DateTuesday, March 1, 2016
Time11:00 am
Concludes12:15 pm
LocationGould-Simpson 906
Faculty Host: Dr. Michelle Strout
SpeakerPeng (Ryan) Huang
TitlePh.D. Candidate
AffiliationUC San Diego

Toward Understanding and Dealing with Failures in Modern Systems

Many of the services we use everyday now run in data centers or mobile devices. However, building systems in these modern platforms to provide reliable services is difficult. This is evidenced by the fact that despite the large amount of work put into reliability, all modern systems (i.e., cloud and mobile) continue to experience million-dollar outages and frustrating anomalies like battery drain.

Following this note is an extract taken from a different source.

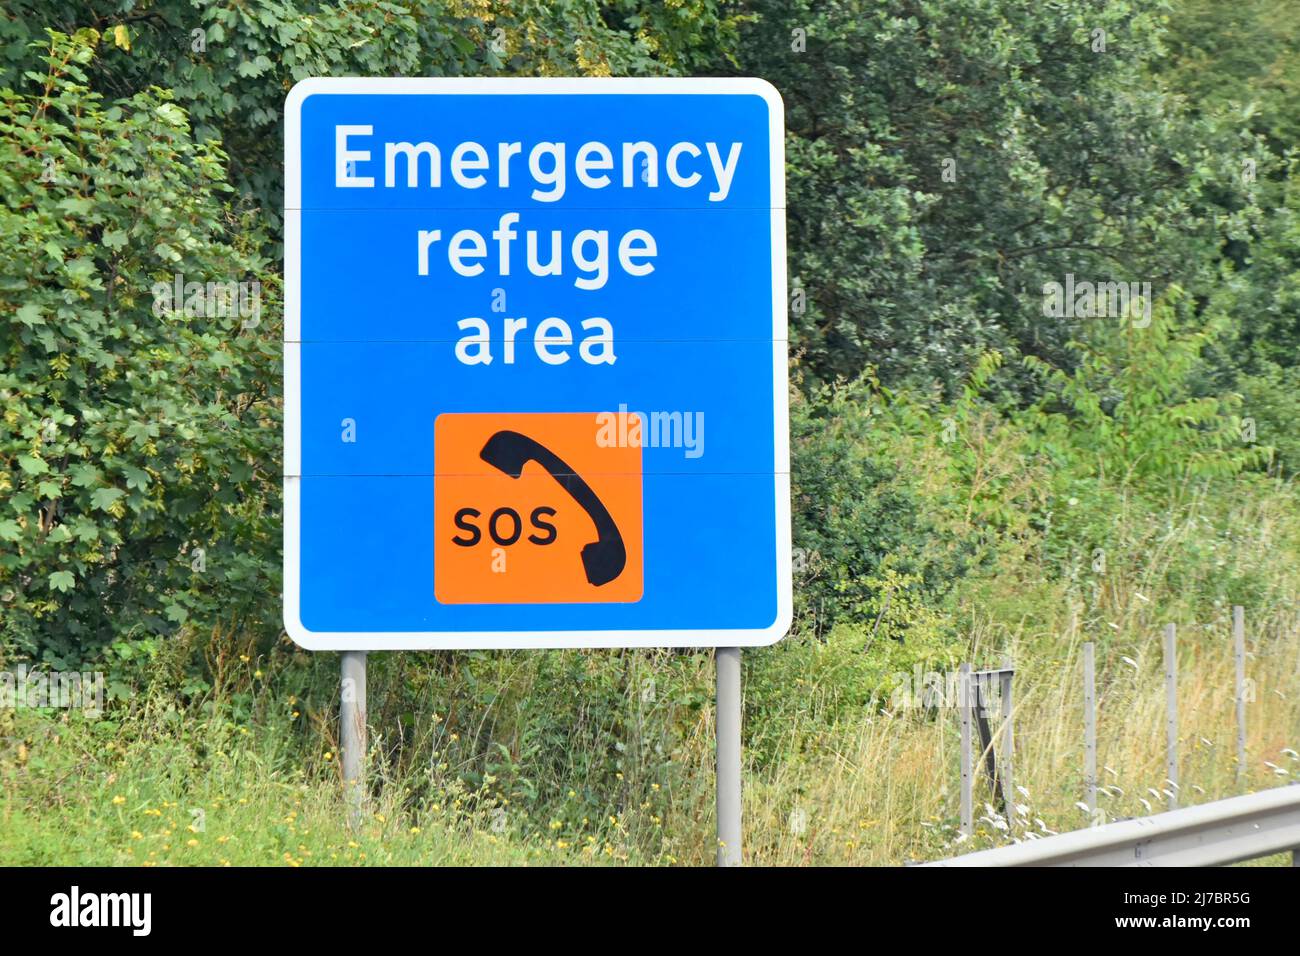 Nahaufnahme des blauen Straßenschildes neben der umstrittenen, nicht schulterharten Smart M25 Autobahn, eine halbe Meile vor dem Notruffelder des SOS-Telefons in England, Großbritannien Stockfoto

In this talk, I will describe my research efforts to better understand and proactively deal with the reliability challenges in modern systems. First I will discuss work that examines failures in cloud services. Instead of focusing on conventional root-cause analysis, this work takes a unique angle to look into the fault-tolerance mechanisms in cloud, and analyze why they did not prevent the service failures. I will summarize several challenges (opportunities) facing cloud system reliability. One such challenge is misconfiguration: existing fault-tolerance techniques often cannot tolerate (or worse are nullified by) configuration errors; and misconfiguration becomes a major source of cloud outages. I will then present work that enables cloud practitioners to proactively prevent configuration error by using a systematic validation framework. The framework consists of a declarative language to express configuration specification, a service that continuously checks if configuration obeys its specification, and a tool that automatically infers basic specification. I will also briefly cover the challenge of app misbehavior in mobile devices and proactive system-level solution to tackle app misbehavior.


Peng Huang is a Ph.D. candidate at UC San Diego advised by Professor Yuanyuan Zhou. His research interests intersect systems, software engineering and programming languages. He is particularly interested in understanding rising problems in real-world systems and reflecting that understanding in new techniques to improve systems. His work has been applied in industry including Microsoft and Teradata, and deployed to many real users. He is currently a research contractor with Facebook working on configuration management. Peng received his MS from UC San Diego, and his BS in computer science and BA in economics from Peking University.